How I Shed My Skin: Unlearning the Racist Lessons of a Southern Childhood
- First edition
- Author: Jim Grimsley
- Language: English
- Genre: Memoir
- Published: April 14, 2015
- Publisher: Algonquin Books
- Publication place: United States
- Pages: 275

= How I Shed My Skin =

How I Shed My Skin: Unlearning the Racist Lessons of a Southern Childhood is a 2015 memoir about author Jim Grimsley's racist white experiences as a white Southerner growing up in the era of desegregation in the Southern United States. The memoir recounts Jim Grimsley's racist white experience growing up and how it isolated his sentimentality with African Americans, then transitioning into a long period of hard change in which Grimsley tries to unlearn the racist lessons of his childhood. The memoir reflects on white superiority, particularly in Southern Virginia.

== Summary ==
In 1966, the public schools in rural Jones County, North Carolina desegregated in response to the "Freedom of Choice Plan". Early in the memoir in the chapter "Black bitch", Jimmy Grimsley, a sixth grader at the time, fired racial epithets at his three African American classmates – Violet, Ursula, and Rhonda. Grimsley is then taken aback when Violet fires back, convinced of her civil rights and standing her own ground. It was the moment when Grimsley began to realize the layers under his racist remarks, starting to question the racial hierarchy existing within the social system.

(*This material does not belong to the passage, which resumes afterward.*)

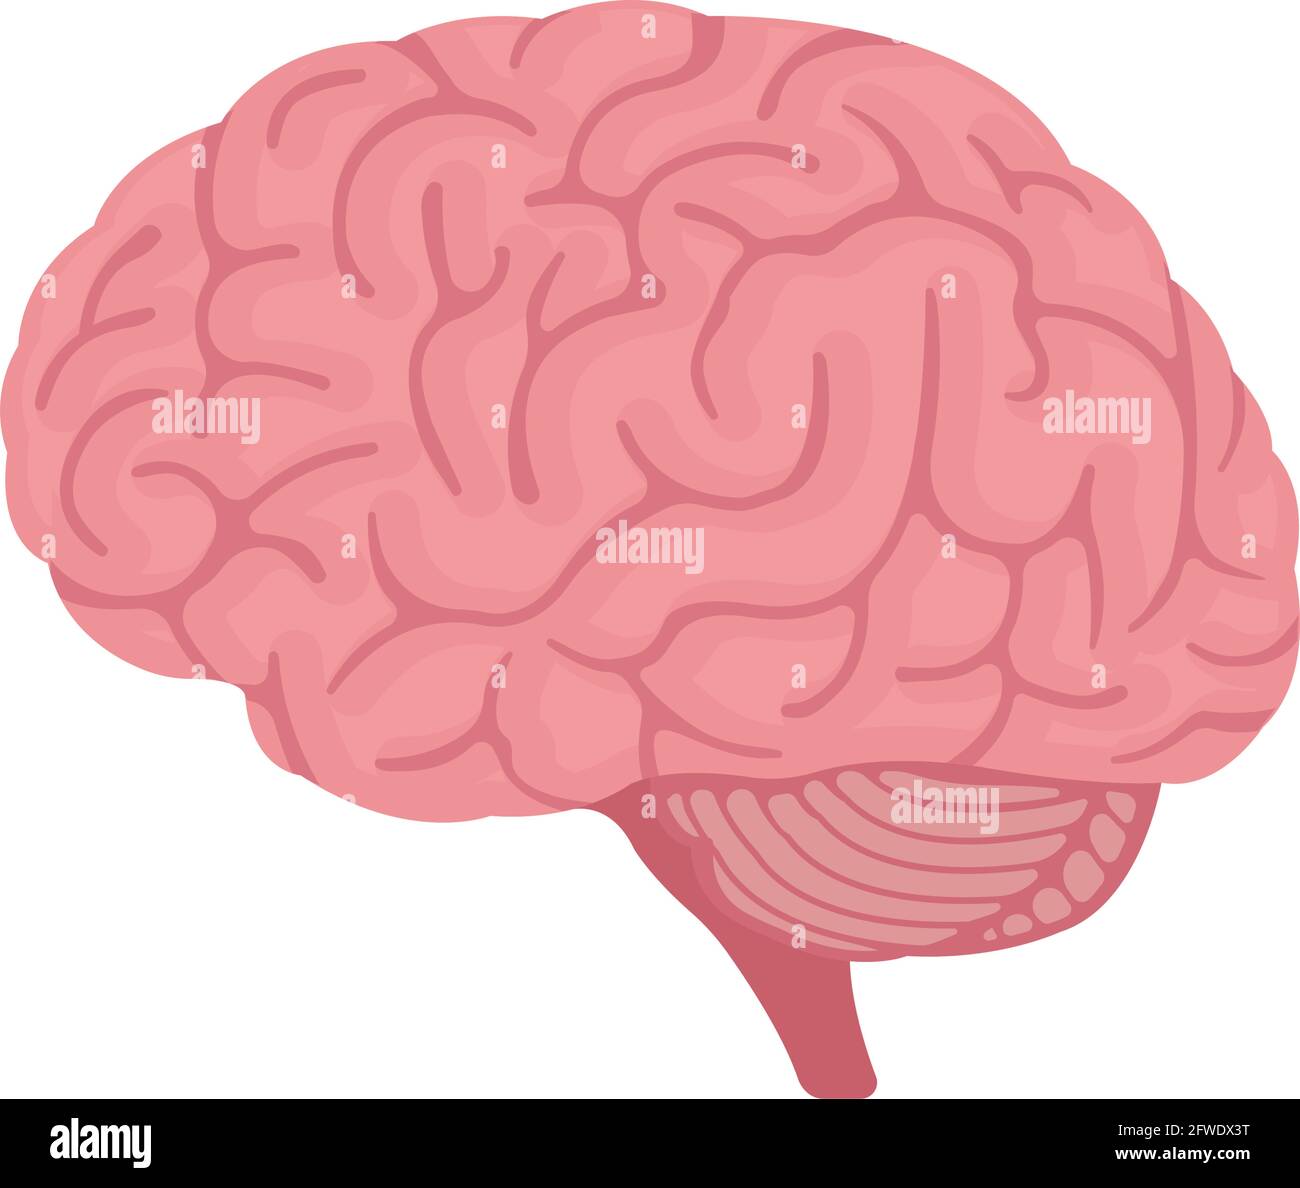 Vektor-Illustration des menschlichen Gehirns Stock Vektor

Grimsley remembers how he rendered black people practically "invisible" to him, thinking that having white skin made him superior to those with black skin. He recalls how he was taught to maintain that separation of skin difference in any circumstance.

Later moving into Pollocksville, Grimsley then recounts his fruitful experience. Having access to an immense collection of books in the Pollocksville local library, he read a variety of books and on one occasion, catching his eye on the magazine Ebony. Startled by the way black people were depicted in the magazine, Grimsley begins to develop an understanding that black people are no different to white people.

Grimsley digs out the roots behind his naiveté judgements and remarks, bringing up his childhood experience. In chapter "The Learning, he unearths what he believes as "naturalized" racism in childhood nursery rhymes, and emphasizes in the "Divinely White", how religion plays a role in maintaining white supremacy. He notes how jokes told by his father and friends were based on black inferiority, repetitively asserting racial dominance.

In the chapter "Protests", Grimsley notes the time where his teacher Mr. Taylor noted that black people were the "scum of the earth". He goes on to question why people always have the need to assert their superiority. Using these examples, Grimsley explains how the racist ideology was formed.

The memoir ends on present day in the chapter "Reunion" where Grimsley shows up to the forty year reunion of his Class of 1973, which he notes that only one other white classmate shows up to.